Any successful system of government depends on integrity.

American Anti-theist said...

Communism failed because, as you say, it didn't recognize the role of production in economy. It assumed that as long as the means of production were distributed to the workers, that production would continue at the same pace of advancement. What it failed to recognize was that ultimately those "means of production" rest in the minds and hearts of individual human beings.

A mind cannot be ordered to produce at the point of a gun. Its natural response is to recoil in terror. If ability is what draws the attention of the guns, most people will instead try to hide their ability as much as possible from attention. Competition reverses and becomes competition to be the least remarkable, least noticed.

The current crisis has little to do with a collapse of laissez-faire principles. It was generated out of gross manipulation of interest rates and the creation of a home loan subsidy which encouraged sub-prime lending and repackaged it as government "secured" instruments.

The underlying reality that loaning money to those who can't pay is suicidal was muted under the driving moral imperative that we must sacrifice ourselves for the good of those who supposedly innately deserve loans regardless of their ability to pay them back. This evasion of the rational consequences of such a course of action lay the foundation for the collapse, as Ron Paul and many Austrian school economists predicted well before.

Government interference creates the business cycle, and it cycles in frequency and duration in direct proportion to the frequency and intensity of government interference. Economists generally recognize this, which is why a lot of prescient financial decisions usually involve estimations of mass psychology.

Ultimately, the only way to "organize" the economic system is for it to be self-organizing. No person, or group has knowledge which supersedes the aggregate knowledge of all those who participate in the market. The market functions only when all participants are free to work for their individual long term rational self-interest in accordance with their own judgment. They must also be free to reap the full rewards and full penalties of the consequences of that judgment.The aggregated results of those infinitesimal interactions are what generate price fluctuations and guide the flow of capital. (cont)

American Anti-theist said...

(cont) Attempts to force the flow one way or the other by injecting the threat of government coercion into the system only serves to provide incentive to work against one's long term interests for the sake of short-term security.

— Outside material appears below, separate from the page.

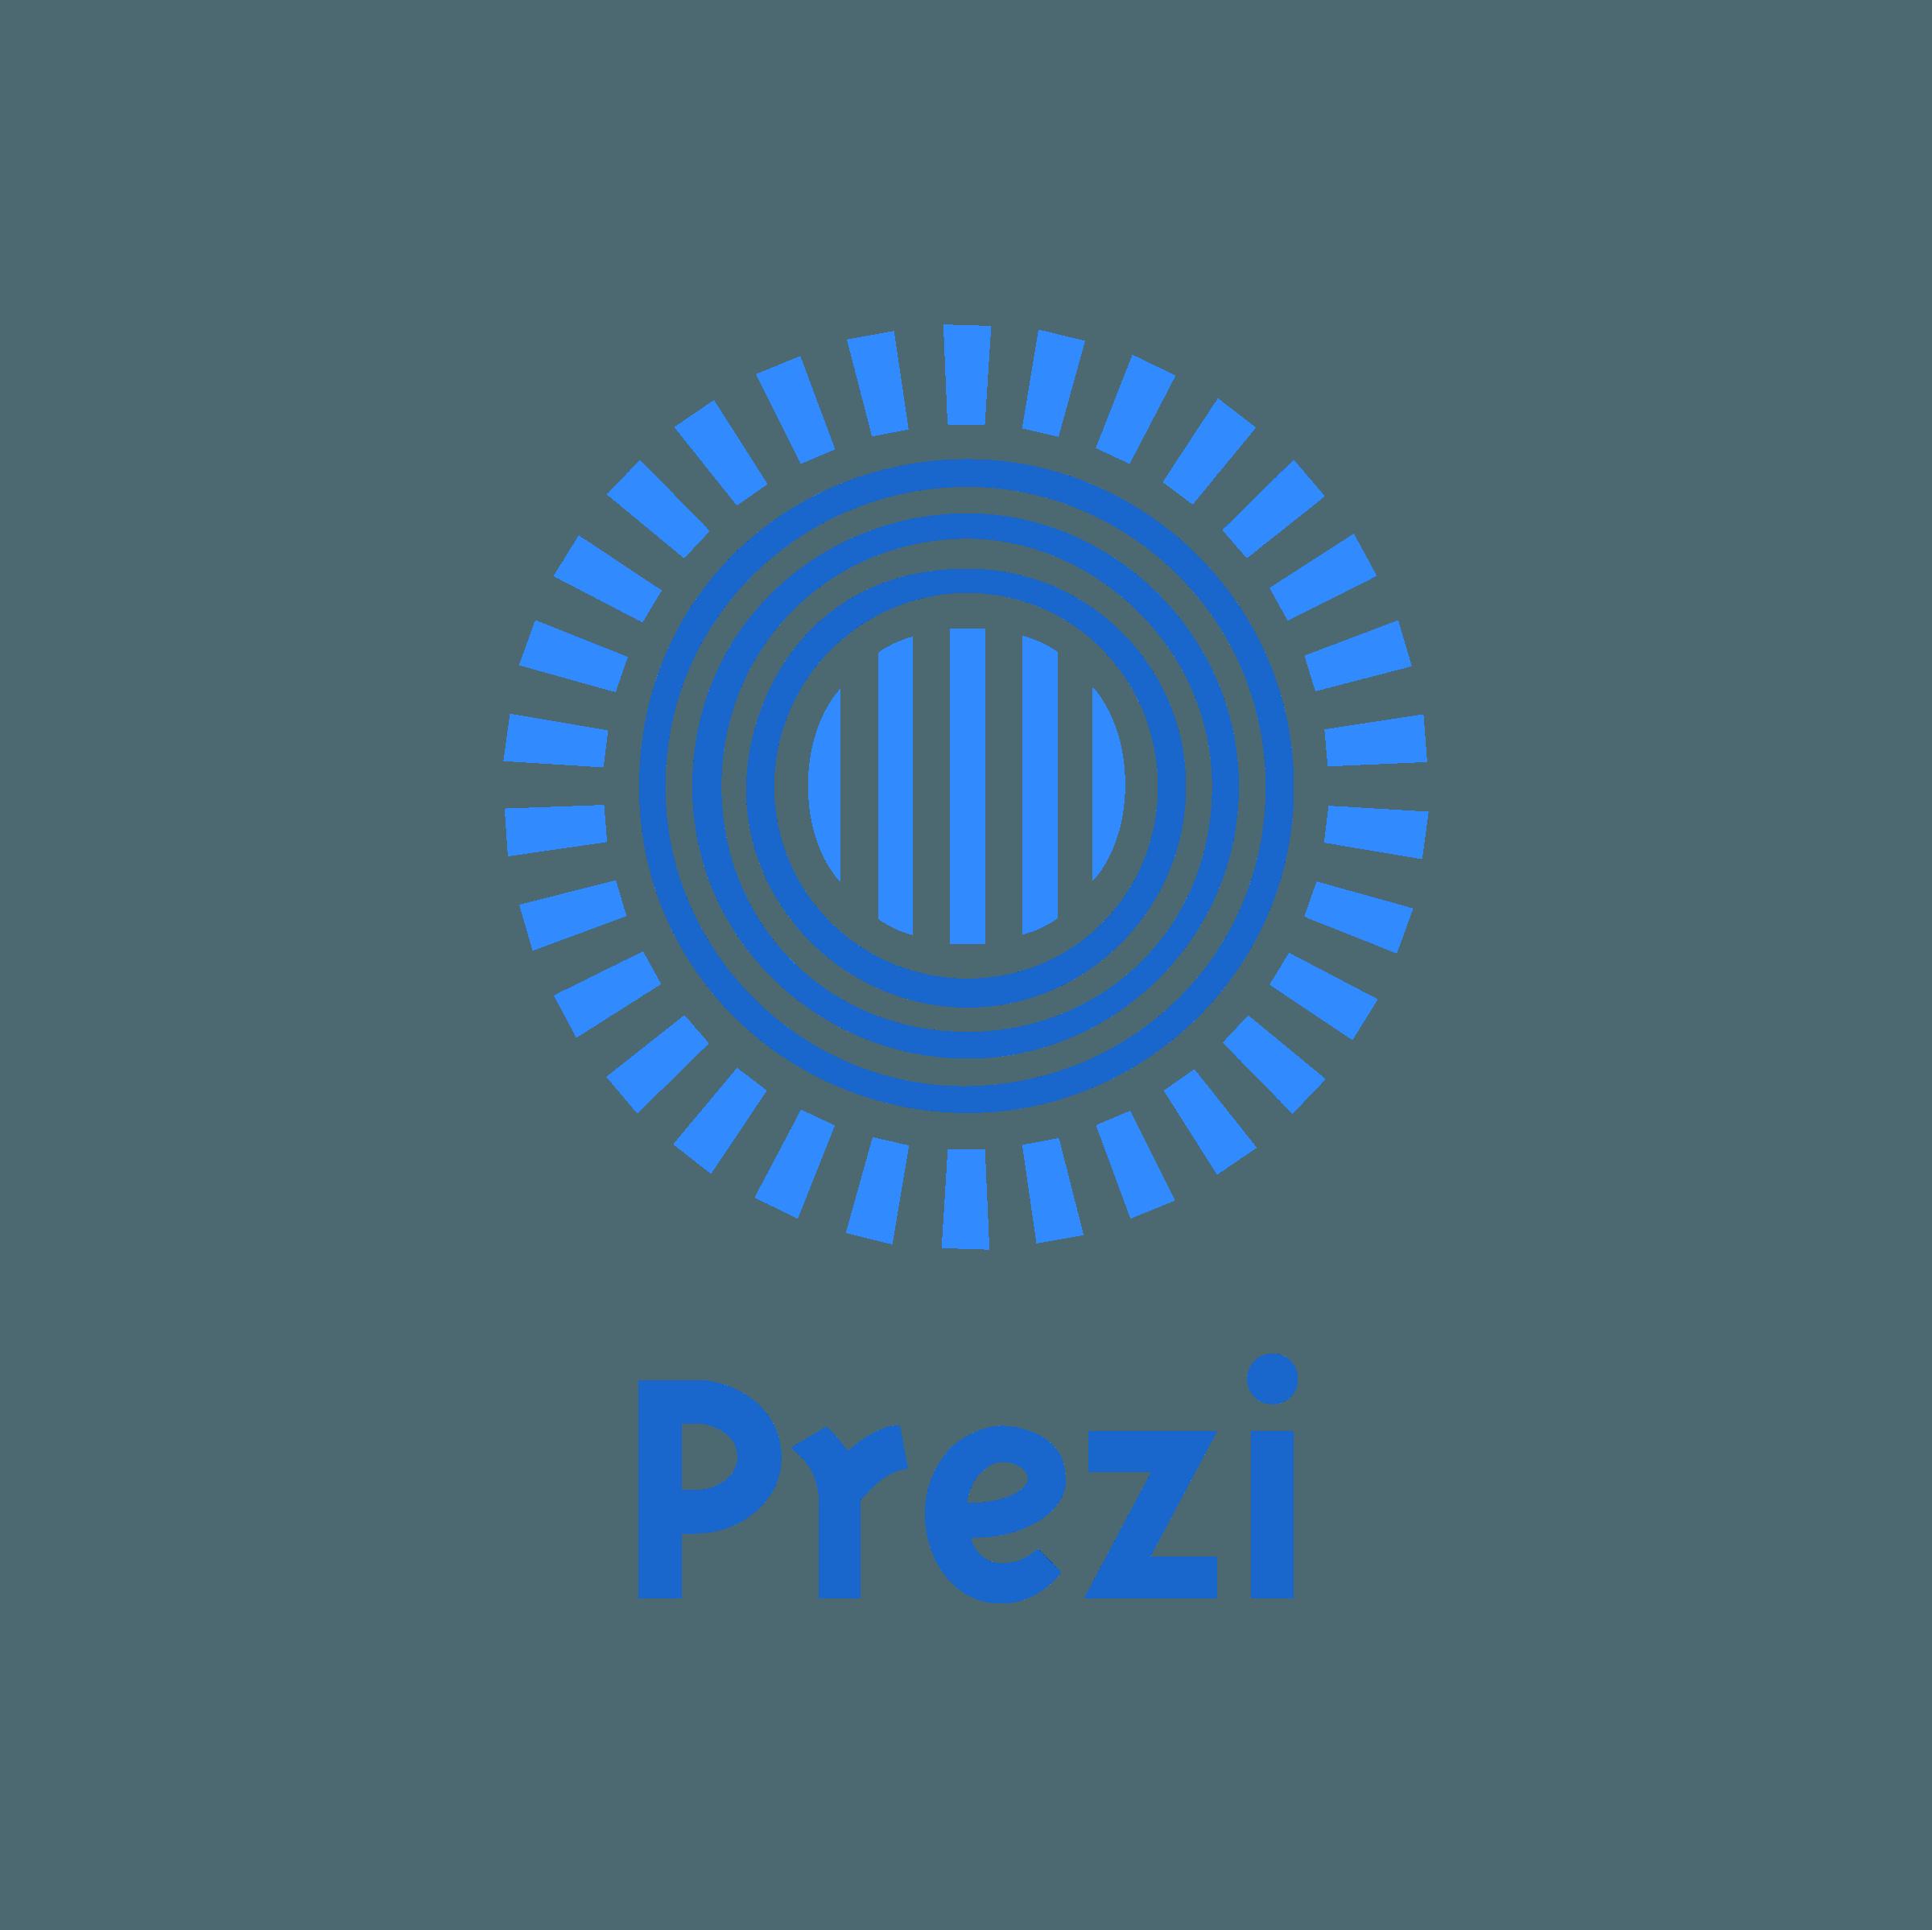 Résultats de recherche d'images pour «prezi logo»

This is why irregularities usually can be traced back to legislation which encouraged a flow in one direction.

However the behemoth of government cannot respond agilely enough to the changing business environment and so the knee-jerk reactions are always time-delayed. The gap is what we feel in unemployment, chronic inflation, devaluation of the currency, and the generation and collapse of economic bubbles. In real terms, that means the suffering of individual human beings.

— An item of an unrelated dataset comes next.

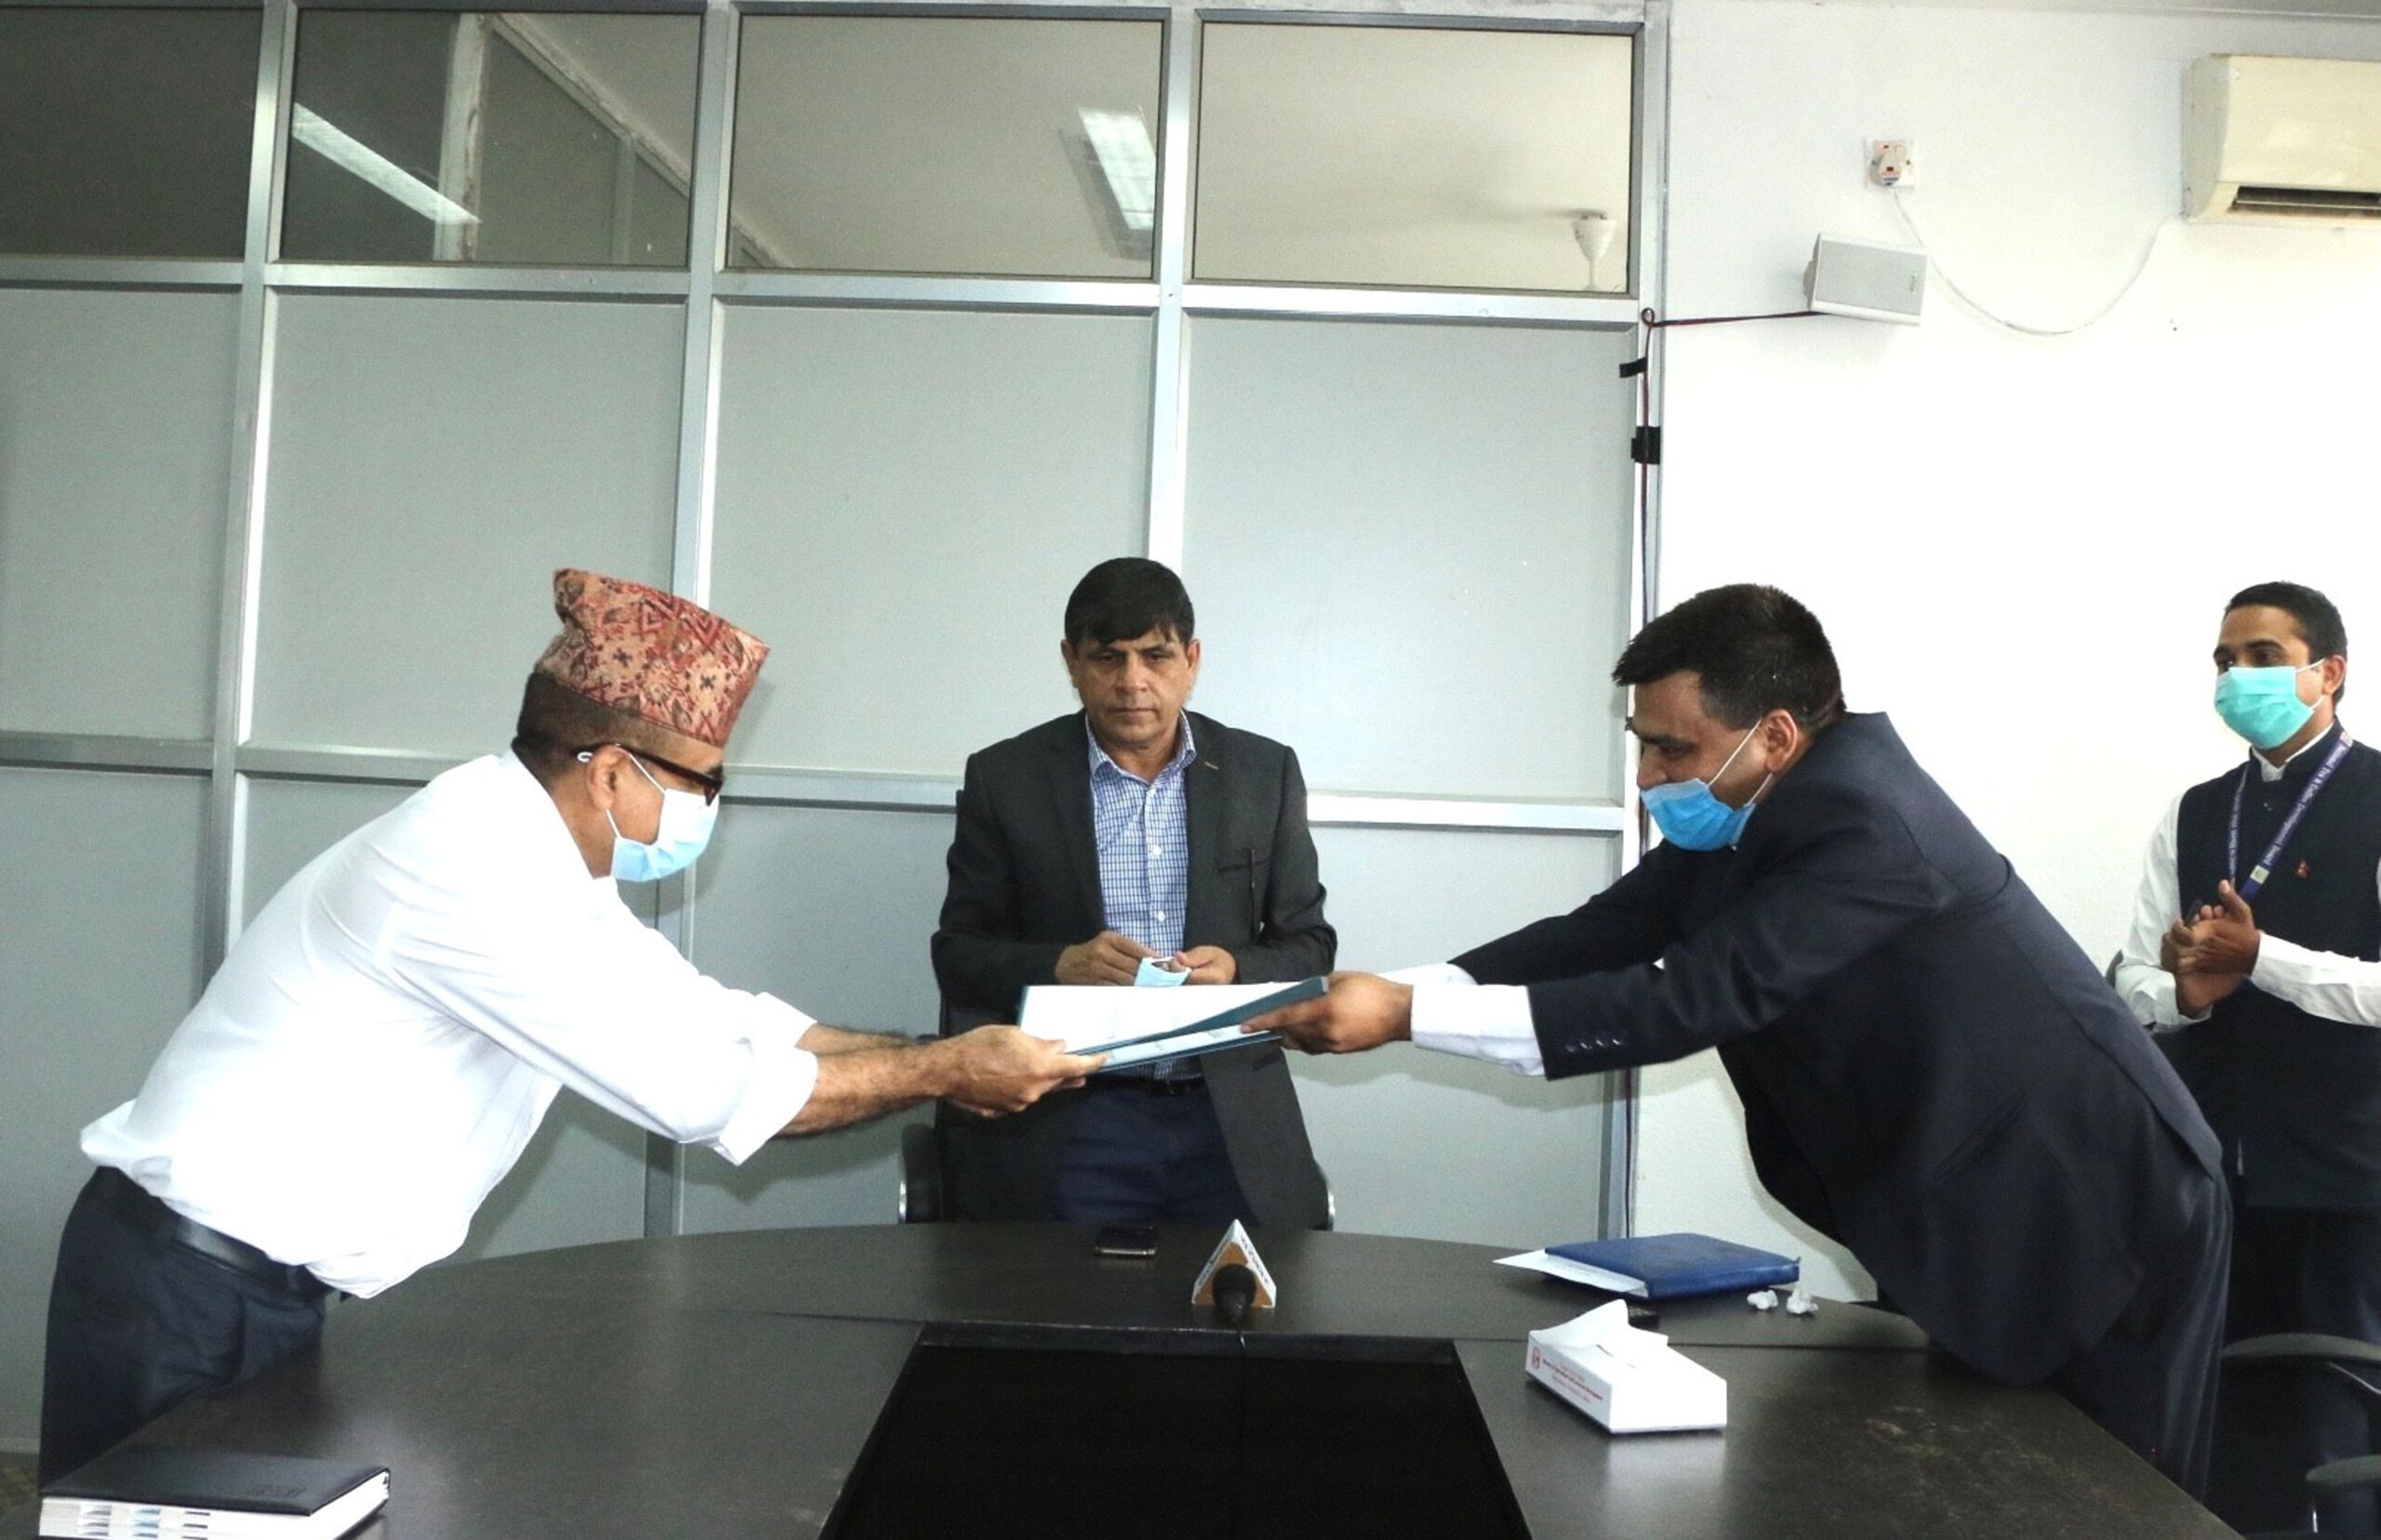 परिषद् र बोर्डबीच समझदारीपत्रमा हस्ताक्षर

What we have seen is the inherent instability of managed economies centered on central banks. I would have thought that the examples of the Cold War would have been enough to teach us all that lesson.

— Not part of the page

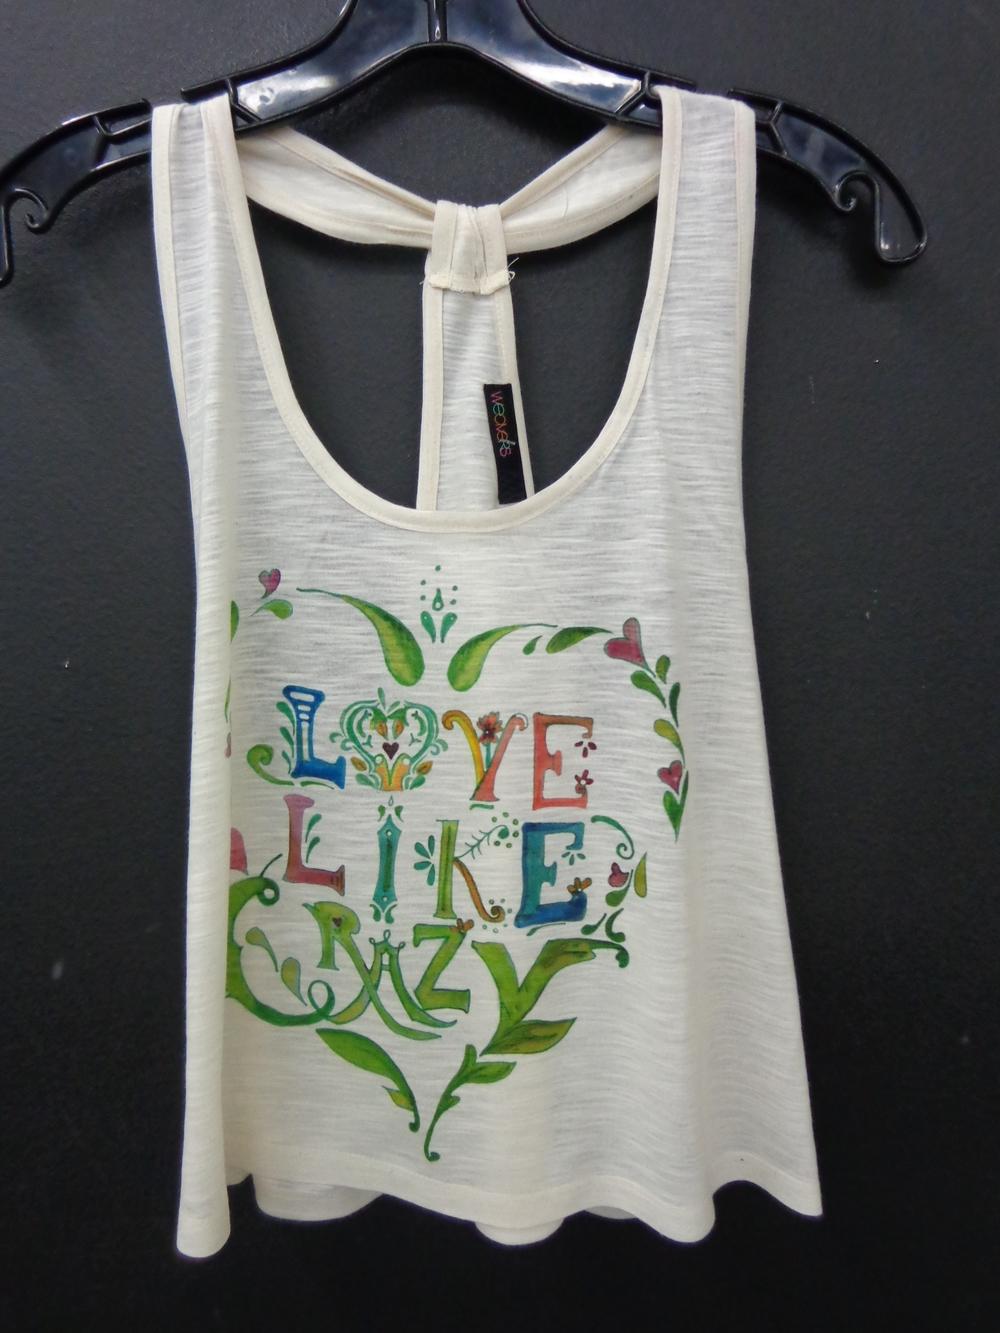 LoveLikeCrazy IVORY.JPG

But I suppose that with the government actively taking ownership of companies at the expense of bondholders, we'll have ample opportunity to see Communism 2.0.

If the strengths and benefits of laissez-faire capitalism were ever more necessary or apparent, I can't think of a time. Except perhaps the first 100 years of American prosperity which led into the industrial revolution. Even then there were abuses and loopholes which led to slow steady consolidation of power in the hands of the political class.

More than resurrecting communism as a so-called "ideal", I think we could spend our time more constructively by resurrecting liberty as the ideal and individual responsibility as the measure.

Regardless of the argument from efficiency, the moral argument still stands. It is immoral for the government to claim supremacy to the right of an individual to their own life and the fruits of their labor. It is immoral to demand the sacrifice of human life for any goal. The only moral system is capitalism, where each lives according to their ability and charity exists by choice and not coercion.